Updated on 2025-08-25 GMT+08:00

Overview

Scenario

This section introduces a Pandas-like Python DataFrame SDK, enabling you to write data processing jobs using Python. Leveraging the powerful computational capabilities of the DataArts Fabric SQL kernel, it offers easy-to-use and efficient data processing functions for data scientists and AI engineers.
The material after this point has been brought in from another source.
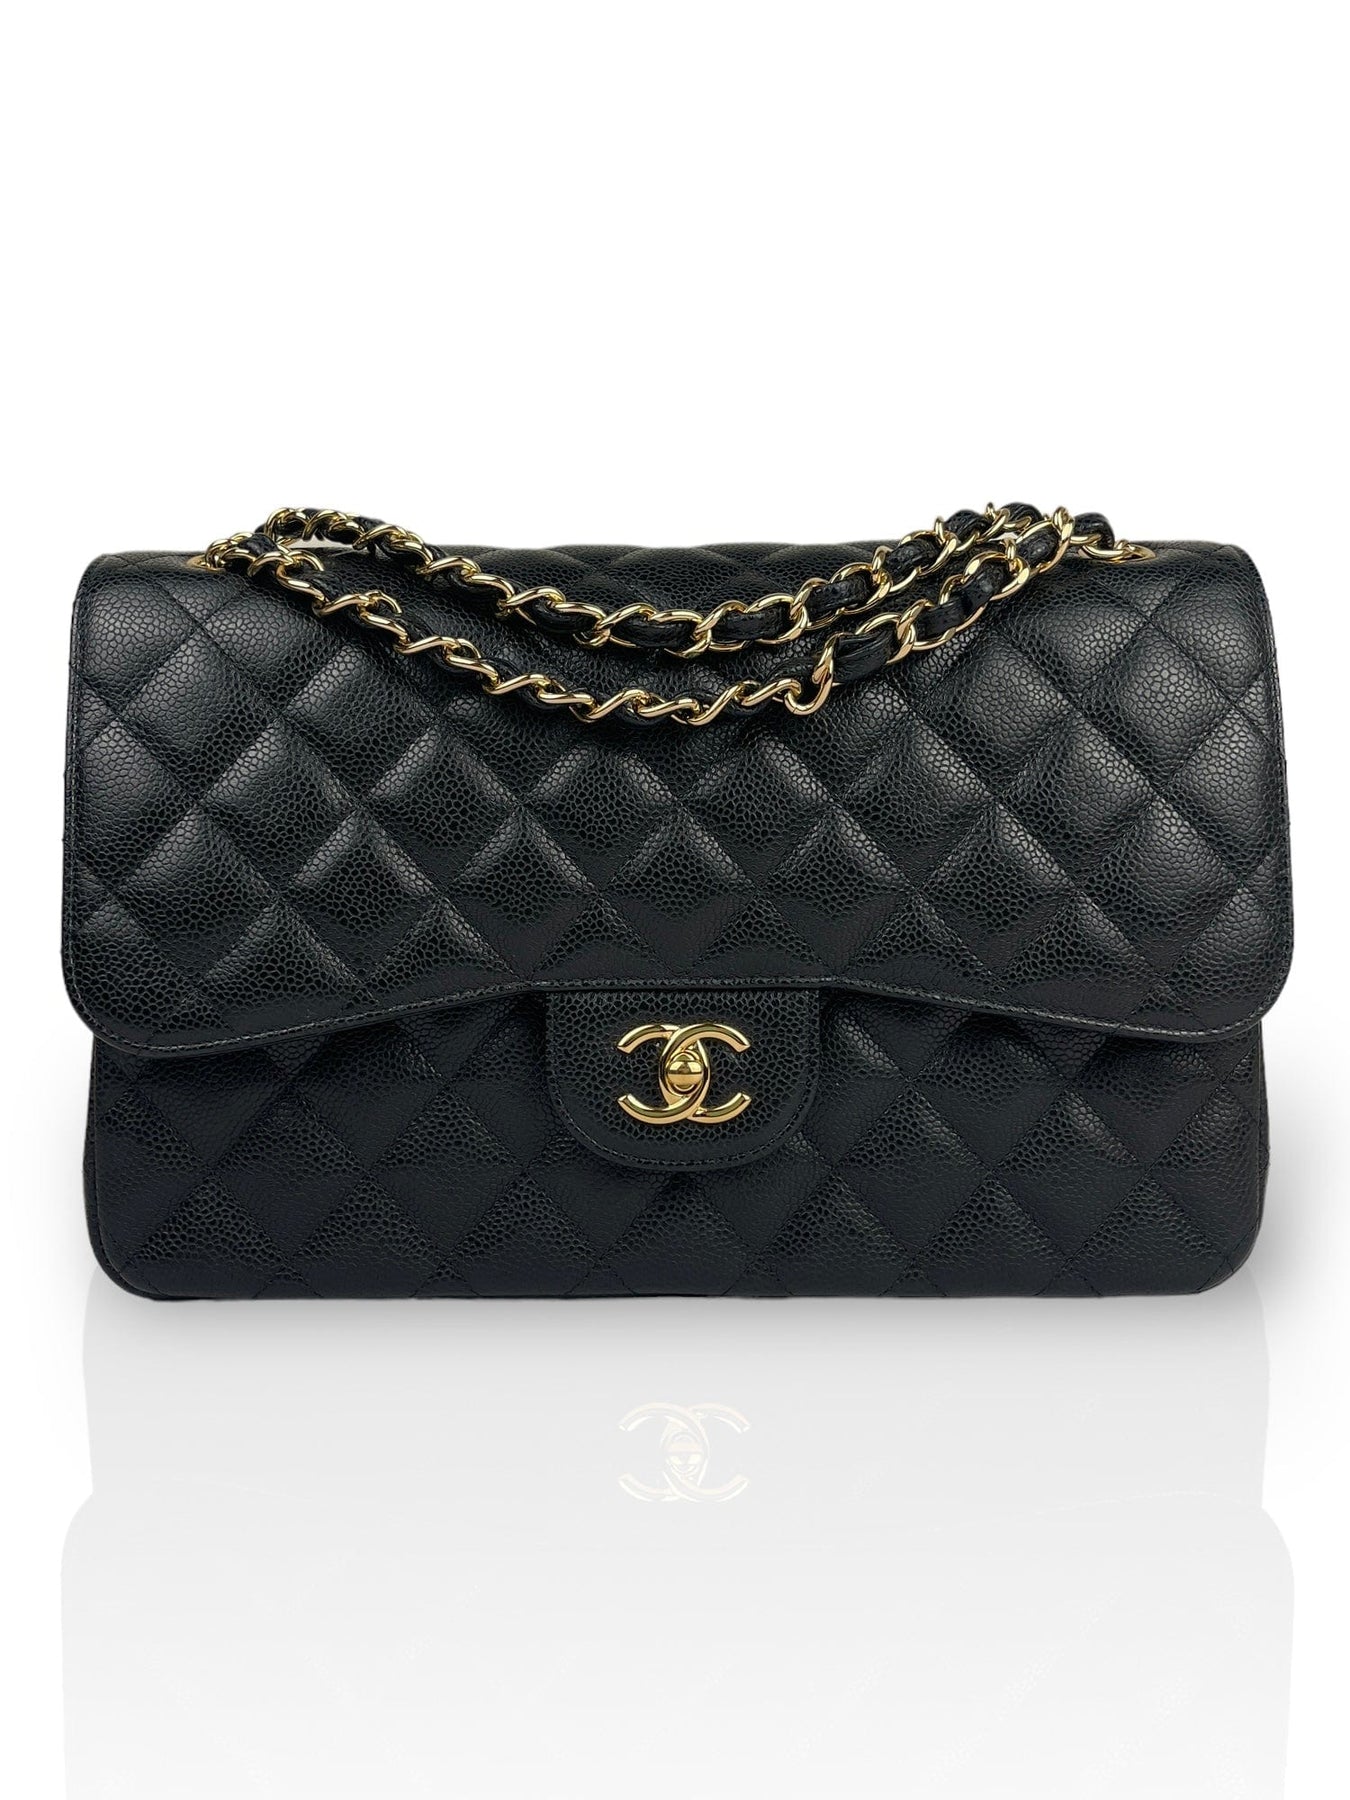 Get the best deals on CHANEL Classic Flap Gold Bags & Handbags for

This feature is built upon the Ibis Python DataFrame open-source framework, integrating the Ibis frontend framework with the DataArts Fabric SQL engine. You can compose data processing scripts using the familiar Ibis DataFrame API. The Ibis framework translates these Python APIs into executable SQL statements for the DataArts Fabric SQL engine, ensuring efficient execution of computational logic within the engine.

What Is DataFrame?

A DataFrame is a two-dimensional tabular data structure akin to an Excel spreadsheet or a table in a relational database, supporting both row and column labels.

Its key features include:

  • Tabular structure: Data is organized in rows and columns, each capable of holding different data types like integers, strings, floats, and more.
  • Indexing support: Both rows and columns typically come with indexes, facilitating easier data selection, manipulation, and analysis.
  • Comprehensive functionality: Supports operations such as data cleansing, transformation, aggregation, merging, making it an essential tool for data analysis and scientific computation.